Second, the path is rarely linear. Often I’m not able to complete the section I want to work on because I am waiting on someone else to get back to me about some technical point, or I need to find relevant literature, or I realise I’m going to need to make a big digression. That’s fine. I just leave an “XXX” at each point that I know I’m going to have to revisit. Then when the email comes in, or I find the paper, or I figure out how to handle the digression, I return to the “XXX” and fix it up.

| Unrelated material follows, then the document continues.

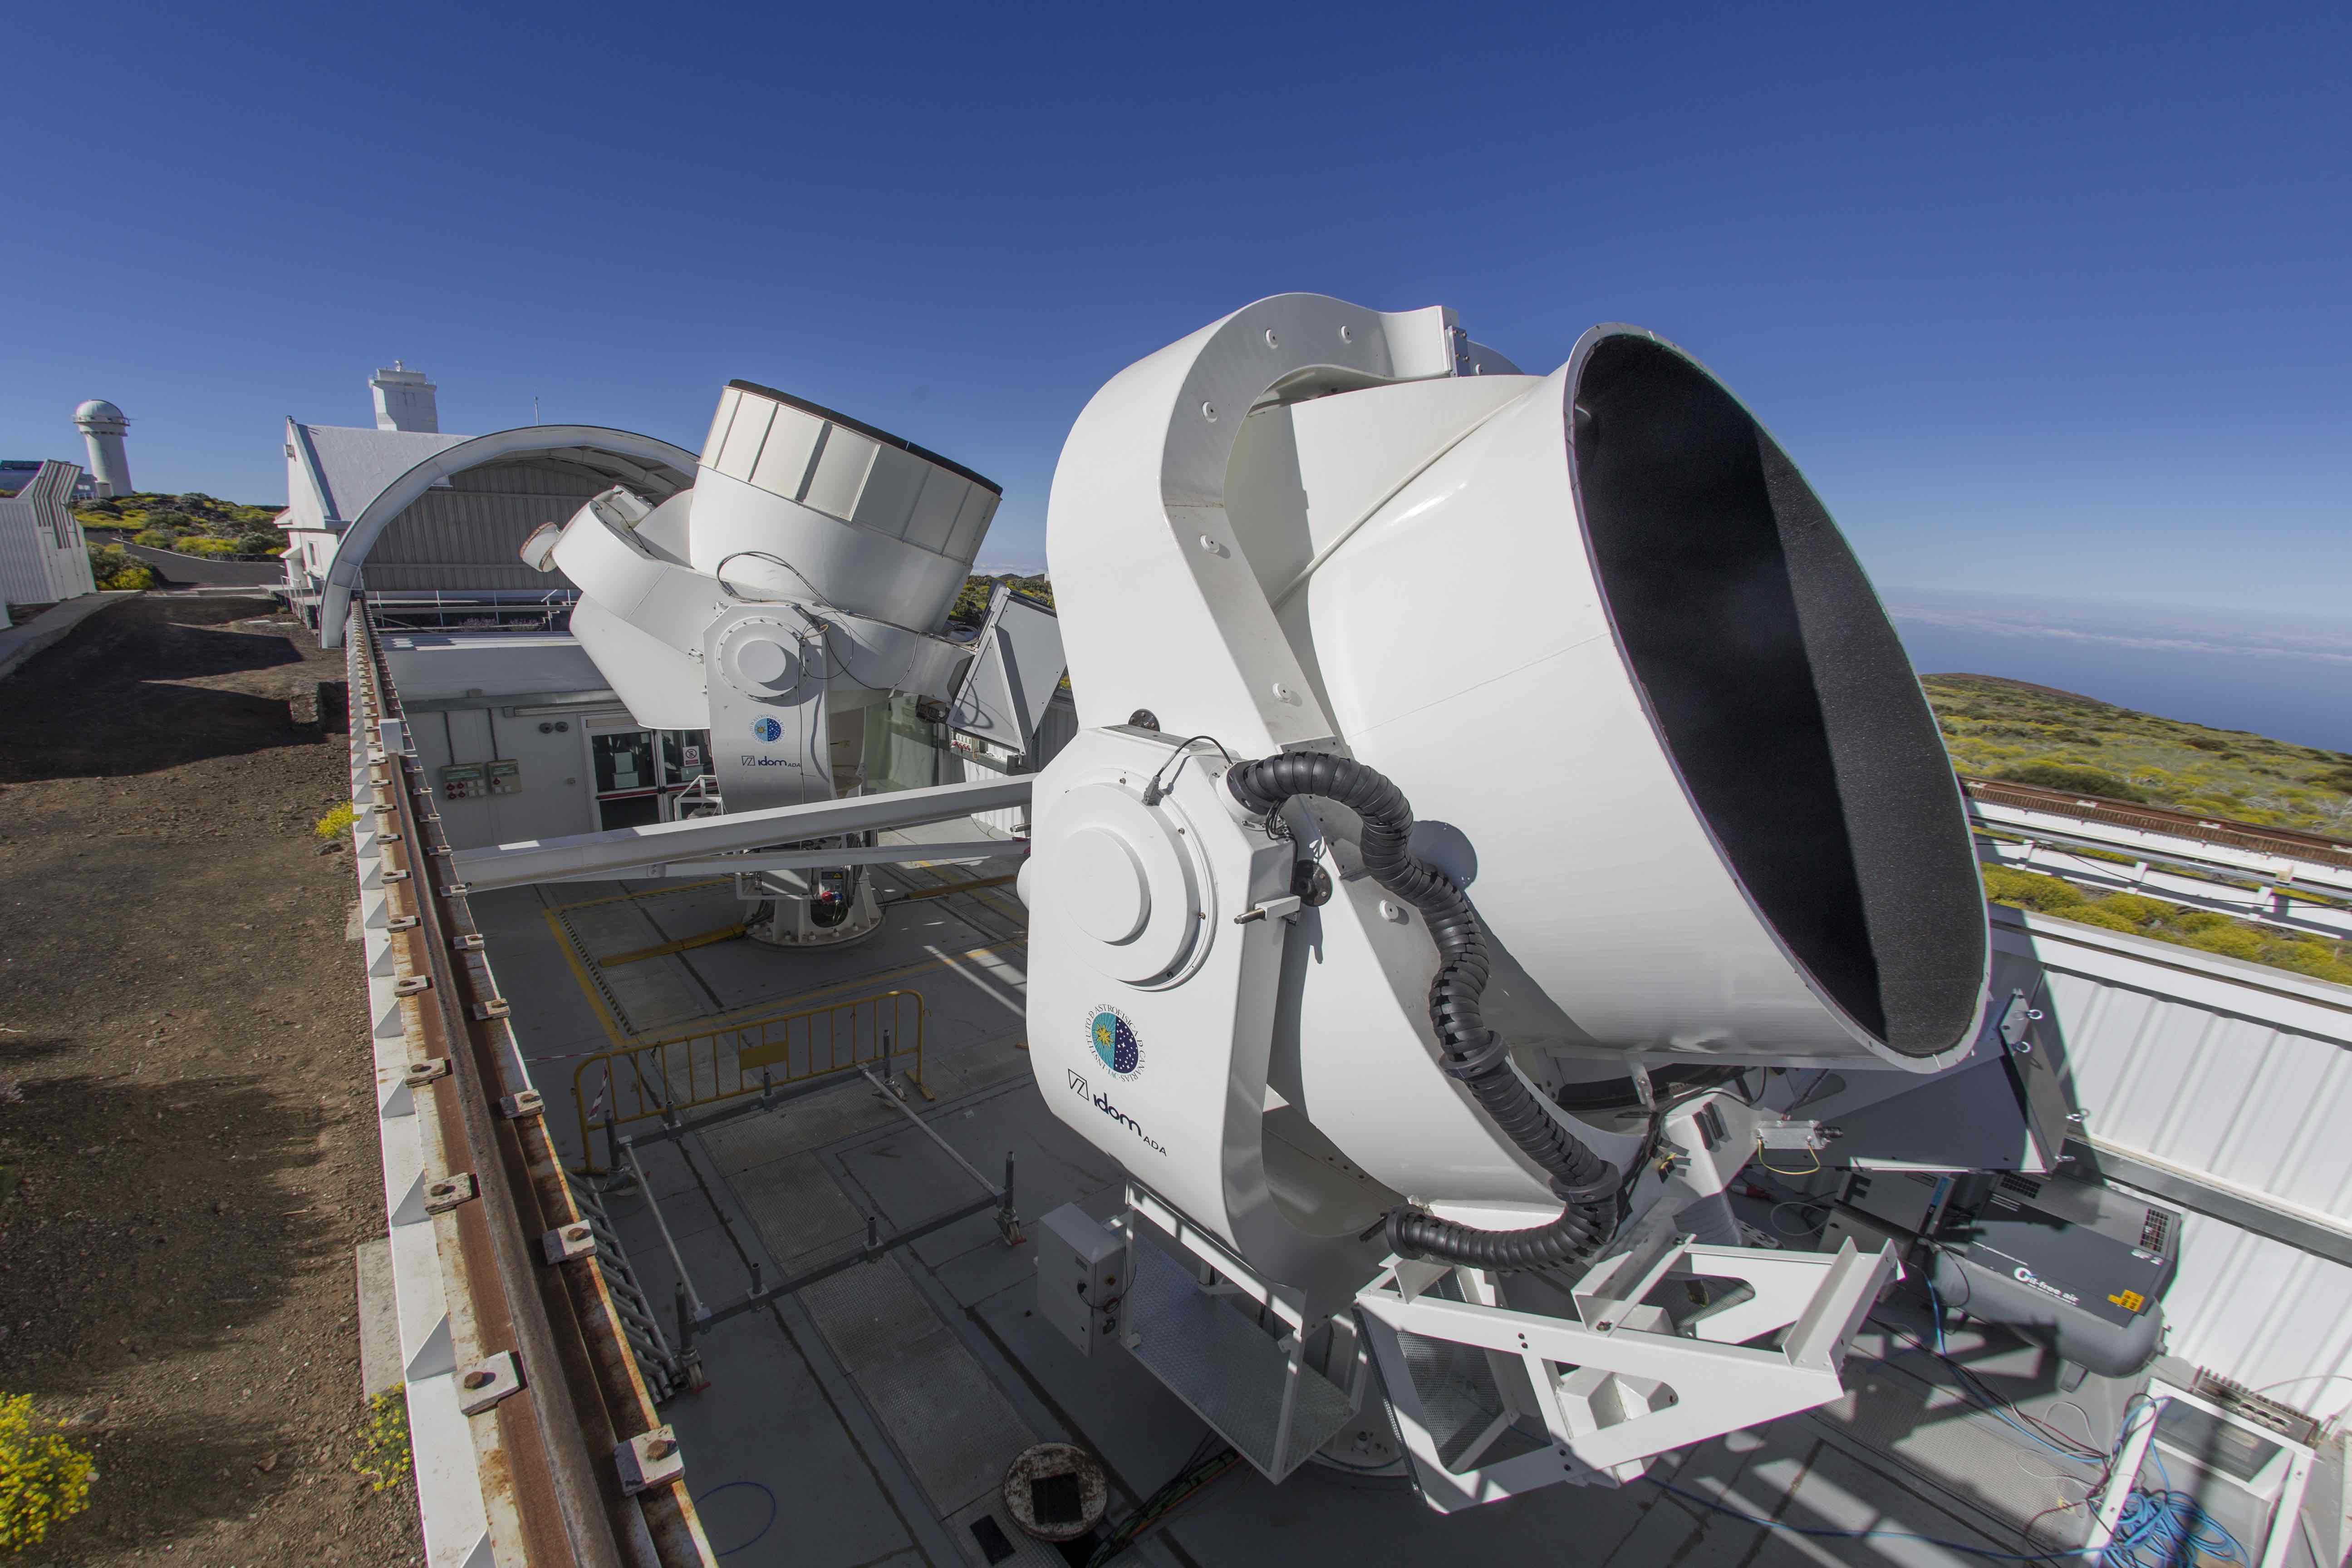 Two QUIJOTE telescopes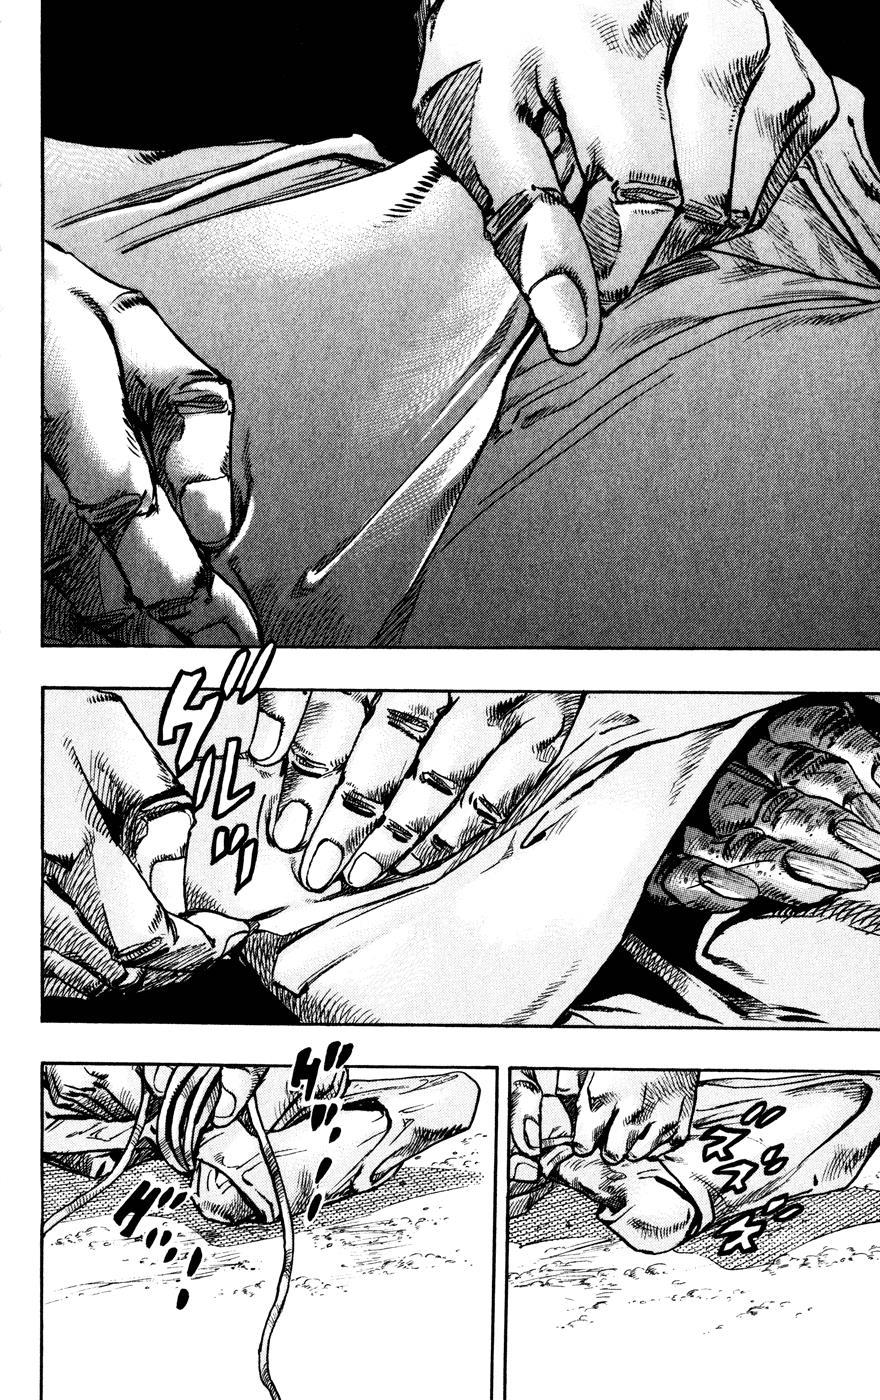 JoJo's Bizarre Adventure Part 7: Steel Ball Run Chapter 90 Page 2

Third, sometimes writing a section blows up into something bigger. That’s OK. Just make a decision. That’s how I ended up working on these four papers at the moment. I started with one, but a section of it kept growing and I realised it really wanted to be its own paper — so I cut it out of the first one and made it its own project. But then a section of that one grew into a third paper, and then a section of that one grew into a fourth. Not a problem. Sometimes, that’s the best way to generate new ideas for what to work on: just see what come spiralling out of what you’re already working on.
None of these caveats change the basic observation here, which is simply this: in order to get a piece of work completed, you first have to start, and then have to carry on until it’s done.